Ils nous ont tant manqué et, maintenant qu’ils sont de retour, les Strasbourgeoises et les Strasbourgeois ne semblent pas prêts de les lâcher. Nos brasseurs locaux tournent à nouveau à plein régime et ont su faire de cette reprise une réussite. On a pris de leurs nouvelles pour savoir comment ils ont vécu ce redémarrage à 100 à l’heure.
On s’était déjà glissé dans les coulisses de la filière avant le 19 mai dernier, pour savoir comment les brasseurs et les grossistes locaux se préparaient à cette date fatidique. Plus d’un mois après, c’est l’heure du premier bilan.

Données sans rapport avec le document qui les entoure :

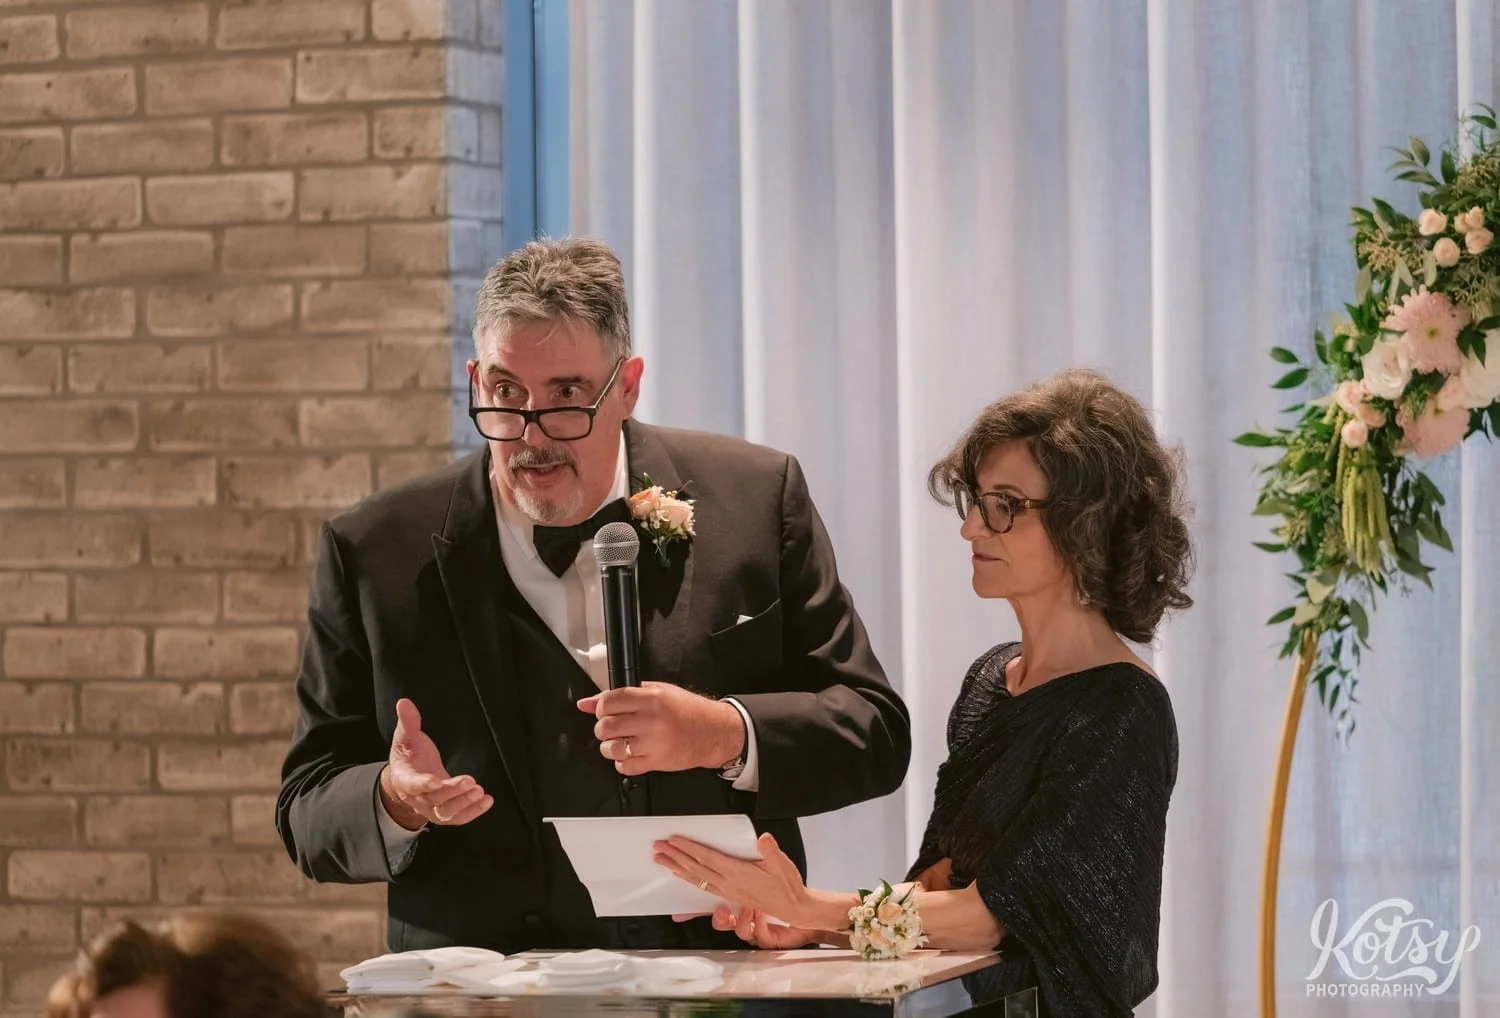 An elderly man makes a speech while standing next to his wife during a Village Loft wedding reception in Toronto, Canada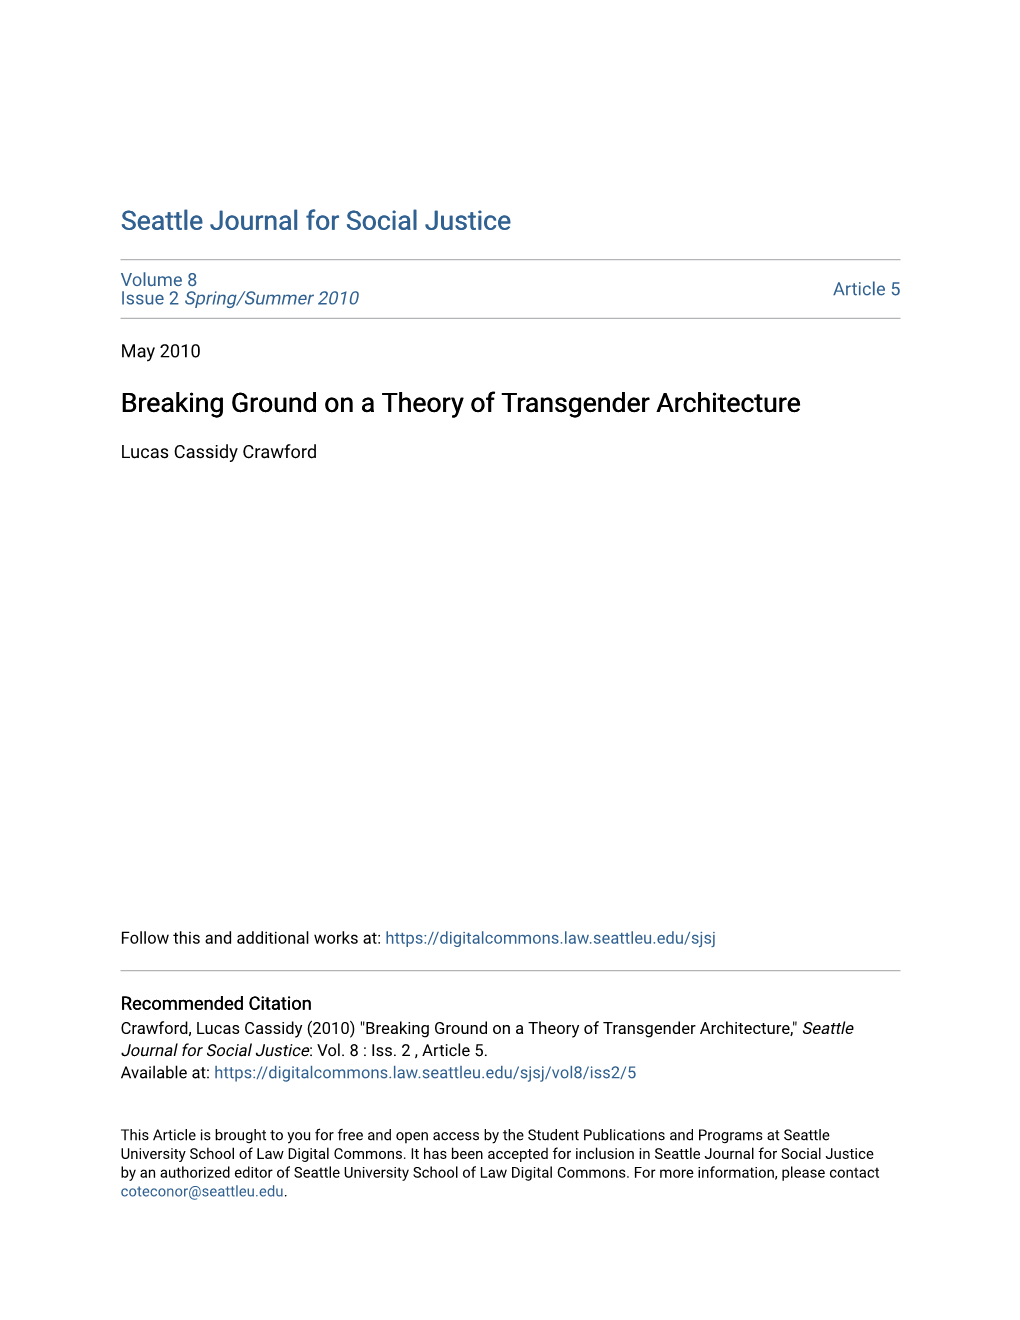 Breaking Ground on a Theory of Transgender Architecture

Des clients contents et une soif étanchée
Parmi l’ensemble des brasseurs interrogés, la réponse est unanime : les clients sont au rendez-vous ! Les commandes sont honorées et dégustées avec plaisir par les Strasbourgeoises et les Strasbourgeois qui se sont précipités dans leurs bars, cafés et restaurants préférés à la réouverture. “Le vendredi soir est le seul soir où nous proposons en plus de nos bières et softs, des planchettes de charcuterie, fromage et légumes, et des knacks. Nous étions complets le 1er vendredi, et depuis les vendredis soirs restent très prisés. Nous sommes ravis de voir La Mercière pleine de vie.” se félicitent Marie-Laure Heitz et Franck Julich de La Mercière.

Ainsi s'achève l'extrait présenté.